Bereidingswijze
Rasp de citroenschil en pers het citroensap.
Meng in een keukenrobot met garde de maïzena, de tarwebloem, de suiker, het bakpoeder en het zout.
Voeg de geraspte citroenschil toe en meng.
Snijd de boter in brunoise (dobbelsteentjes) en meng dit onder het bloemmengsel tot u een kruimelig deeg bekomt.
Meng in een ander kommetje de eierdooier, het vanille-extract en het citroensap.
Voeg dit mengsel bij het kruimelig deeg.
Blijf kloppen tot uw koekjesdeeg goed gekneed is tot een samenhangend geheel.
Rol een worst van 25 cm lang en verpak in een plasticfolie.

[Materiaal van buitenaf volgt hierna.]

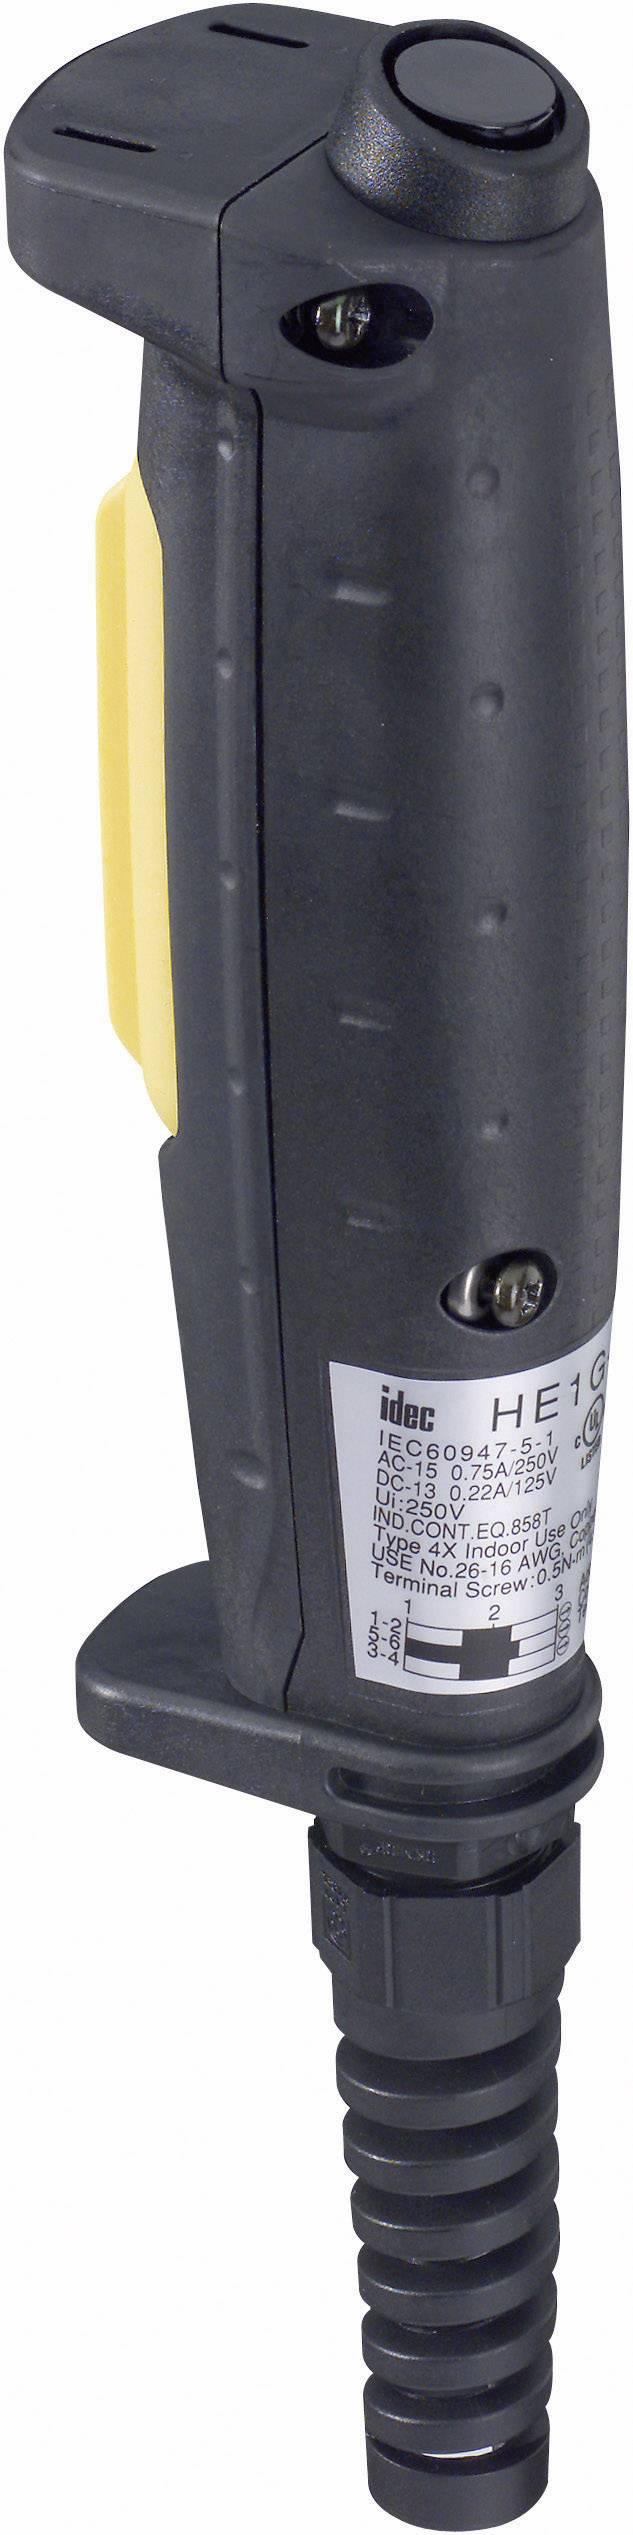 Ručné tlačidlo Idec HE1G-21SMB, 250 V/AC, 3 A, 1 ks

Laat dit citroenkoekjesdeeg minstens 2 uur rusten in de koelkast.
Voorverwarm de oven op 190°C.
Doe het koekjesdeeg uit de plasticfolie en snijd in schijfjes van 7mm dik.
Leg de schijfjes koekjesdeeg op een bakplaat bedekt met bakpapier.
Bak af in de oven tot de koekjes lichtjes bruin kleuren, gedurende een kwartier.
Laat de citroenkoekjes afkoelen op een rooster.